Time and Space Complexity
Time Complexity
Similar to selection sort, the time complexity of insertion sort is n*(n-1)/2. This is because worst case, the array is in reverse order and the outer loop will have to run once for each element. Then the inner loop will first have to run to swap the first two elements, and then run one additional time for each consecutive element because the sorted section of the array will get 1 bigger with each iteration. However, unlike selection sort, if the elements are already in order the inner loop will not have to run at all. Also, the inner loop will run until it finds where the current element needs to be inserted into the array. That being said, worst case still simplifies to O(n²). Best case is O(n), because the first for loop will still run for each element in the array from index 1 onwards.
Space Complexity
Insertion sort sorts in place, giving it a space complexity of O(1).
Stable Sorting Algorithm
Unlike selection sort, insertion sort is a stable sorting algorithm. This means two elements with the same value will remain in the order that they appeared in the original array. Let’s walk through this with our student array that we used for selection sort.

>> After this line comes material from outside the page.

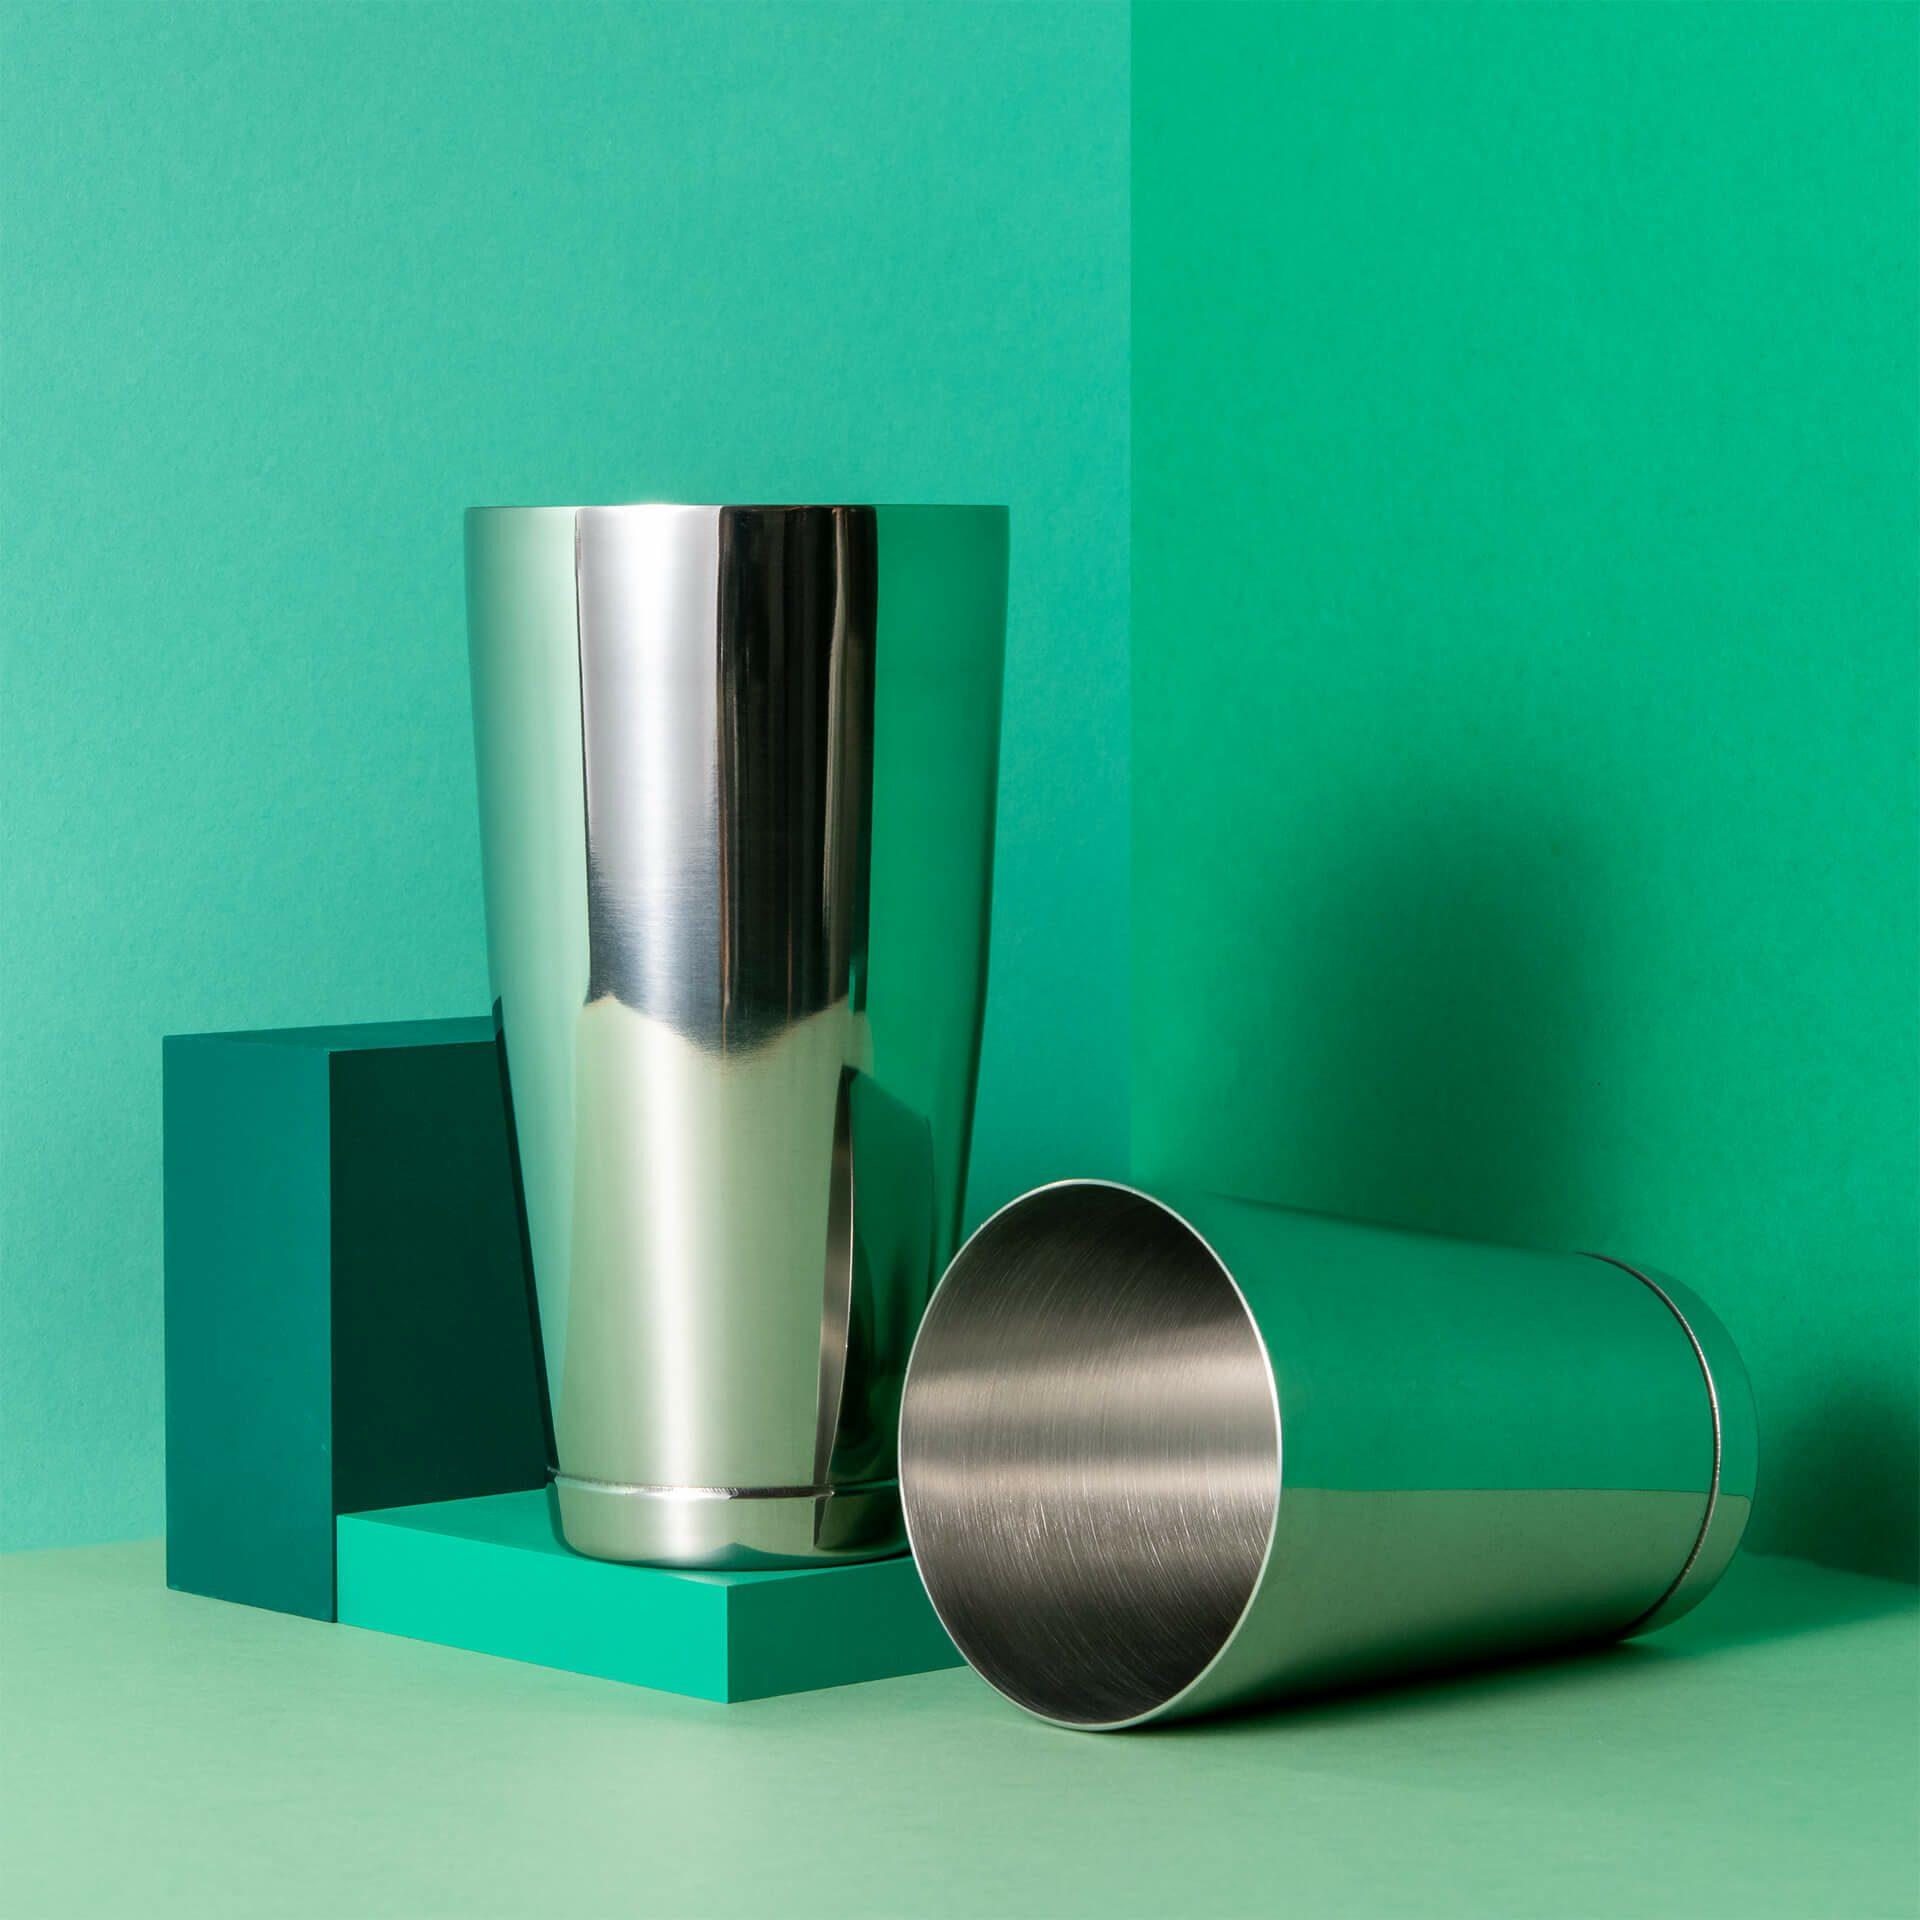 Pina Cocktail Shaker Boston Tin Set - Drink Syndikat

We are taking an array of student objects that is alphabetically sorted, and sorting them by grade. The desired behavior is that the students will be sorted by grade, but also alphabetically within the grades. For example, all of the students in first grade will appear alphabetically followed by all of the students in second grade sorted alphabetically and so on.

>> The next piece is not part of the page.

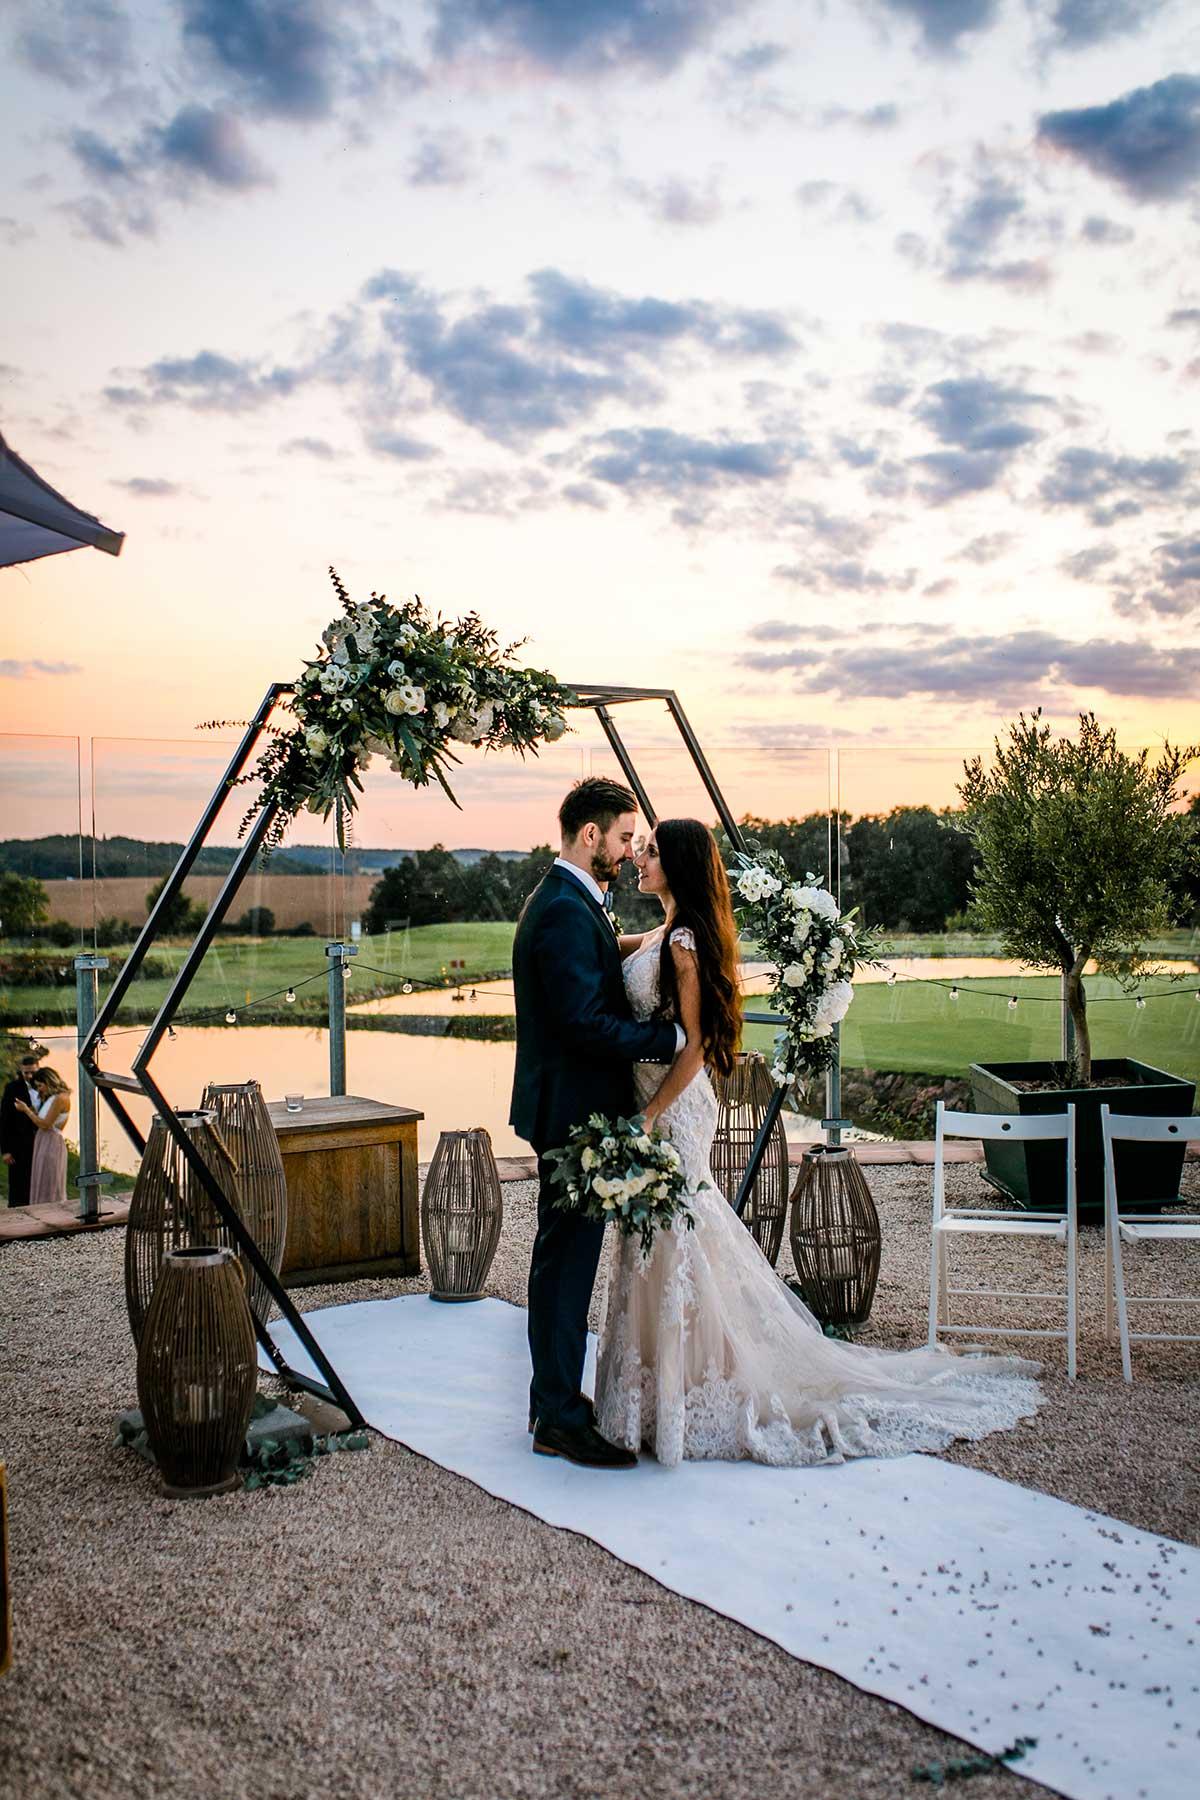 Braut und Bräutigam beim Fotoshooting im Sonnenuntergang

let studentArr = [{name: “Al Cooper” , grade: 4}, {name: “Bobby Tables” , grade: 4}, {name: “Gracie Hopper” , grade: 3}]
Now let’s alter our insertion sort to handle these student objects:
function insertionSortStudentsByGrade(studentsArray){
for(let i = 1; i < studentsArray.length; i++){
let current = studentsArray[i];
let j = i - 1;
while(j >= 0 && studentsArray[j]['grade'] >
current['grade']){
studentsArray[j + 1] = studentsArray[j];
j--;
}
studentsArray[j + 1] = current;
}
return studentsArray;
}If you run studentArr through that function you will see that now it looks like this: [{name: “Gracie Hopper”, grade: 3}, {name: “Al Cooper”, grade: 4}, {name: “Bobby Tables”, grade: 4}]
Which is the desired behavior. Unlike selection sort, insertion sort has Al appear before Bobby. This is because the first loop of insertion sort will see that Al and Bobby are in the same grade, and then move on to Gracie. From there it will push Bobby into Gracie’s spot, and then Al into Bobby’s old spot, before placing Gracie at the front of the array. This way it preserves the order that the elements originally appeared.
In Conclusion…
While insertion sort still has O(n²) time complexity, you may be surprised to learn that is still has some use cases in the real world. Insertion sort is very fast on small lists, or in cases when the list is already almost sorted. So you may see other algorithms default to insertion sort if they are working with a small list size, or you may see it used when adding elements to an already sorted array.